Lets assume you over contribute $10000 and are lucky and have a rate of return of 10% or $1000 in a year.

Your tax savings are 1000*0.5 *50% tax rate = $250

Penalty is $100 per month *12 = $1200

Penalty >> Tax savings therefore it does not make anysense.


----------



## el oro (Jun 16, 2009)

Yes, it's worth it if your tax savings are greater than the 1% penalty.

So if you contribute the $10,000 and make 4.2% in a month you have $10,420. The 1% penalty would be $104.20 while tax would be $10,402*0.5*50%=$105.

So, in this simple example, if you can beat 4.2% per month or 64% per year then go for it.


----------



## CanadianCapitalist (Mar 31, 2009)

healey said:


> Penalty is 1%/month.
> 
> _Is it worthwhile? _


Definitely not, IMO. Precious few can consistently make more than 12% per year.


----------



## brad (May 22, 2009)

Not to mention the probability that this kind of deliberate gaming of the system is likely to trigger an audit. And if enough people try to beat the system they'll just increase the penalties until they provide enough of a disincentive.


----------



## canadianbanks (Jun 5, 2009)

I wouldn't do that, and as others said you need a really high return on your money to beat the penalty.


----------



## healey (Jun 1, 2009)

Thx for the replies guys!

For most people, I don't think this strategy would be profitable. I was thinking more for very active traders who spend a lot of time trading and who can _accumulate_ a lot of small profits. 

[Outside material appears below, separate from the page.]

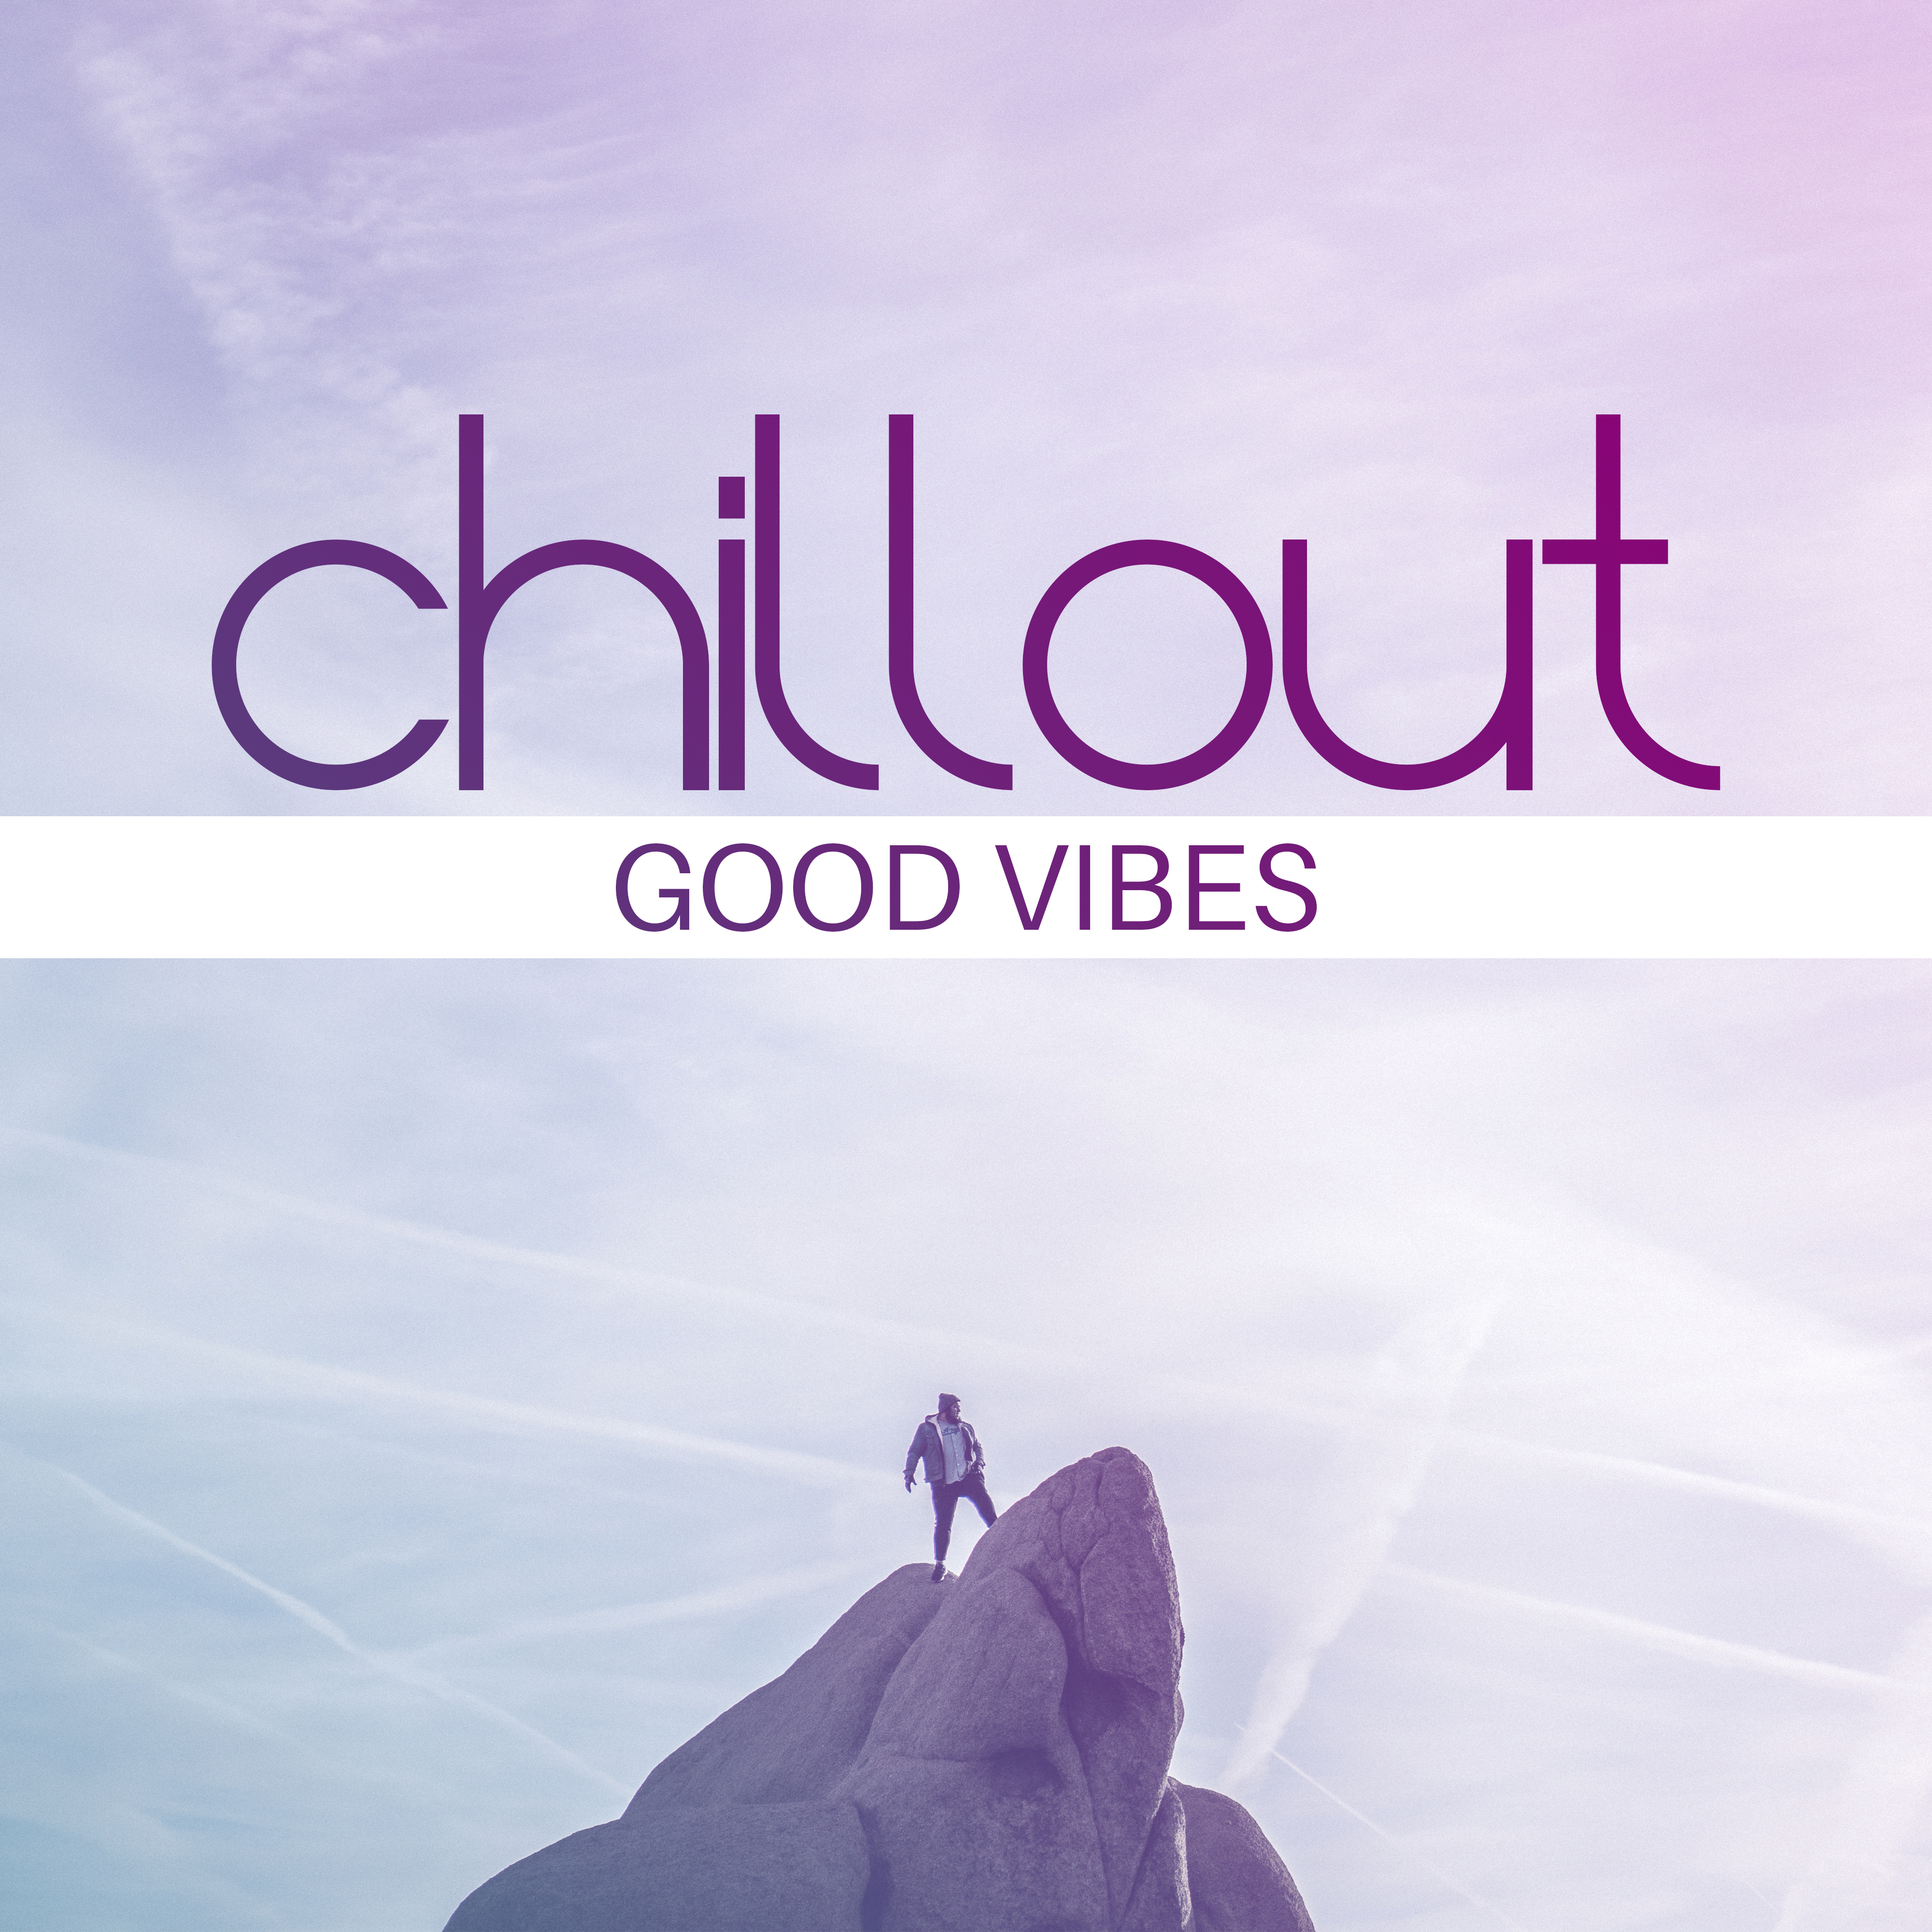 Chillout Good Vibes

*Brad:* You raise a very important point--that doing this might increase one's probability of being audited. But, if one is declaring everything properly, then is there anything to worry about (besides the hassle)?


----------



## CuriousReader (Apr 3, 2009)

*hassle* - when dealing with anything related to government is usually A BIG PAIN


----------



## brad (May 22, 2009)

healey said:


> *Brad:* You raise a very important point--that doing this might increase one's probability of being audited. But, if one is declaring everything properly, then is there anything to worry about (besides the hassle)?


Nothing to worry about, but the hassle involved in an audit is non-trivial. Having been audited once I can say it's something I'd like to avoid ever having to go through again; it ate up many, many hours of my time.


----------



## healey (Jun 1, 2009)

thx Curious + Brad.
I've never been audited, but I tend to agree with you Curious!

*Brad:* on your audit, did the government bureaucrats find anything "wrong"? Like, I'm wondering if even "clean" audits take up gobs of time.


----------



## brad (May 22, 2009)

healey said:


> *Brad:* on your audit, did the government bureaucrats find anything "wrong"? Like, I'm wondering if even "clean" audits take up gobs of time.


Well, in my case it was a goof by my accountant, who thought I could take a tax deduction for my home office (I've been working at home since about 1992, first in the US and more recently from Canada), and while we thought we had a decent case for me taking the deduction I wasn't really entitled to it because I live here by choice -- in other words my employer didn't assign me to live in Montreal; I came here on my own volition. I've always worked remotely for this employer and my location doesn't matter (i'm a writer and editor, and don't need to be physically based at my company's office).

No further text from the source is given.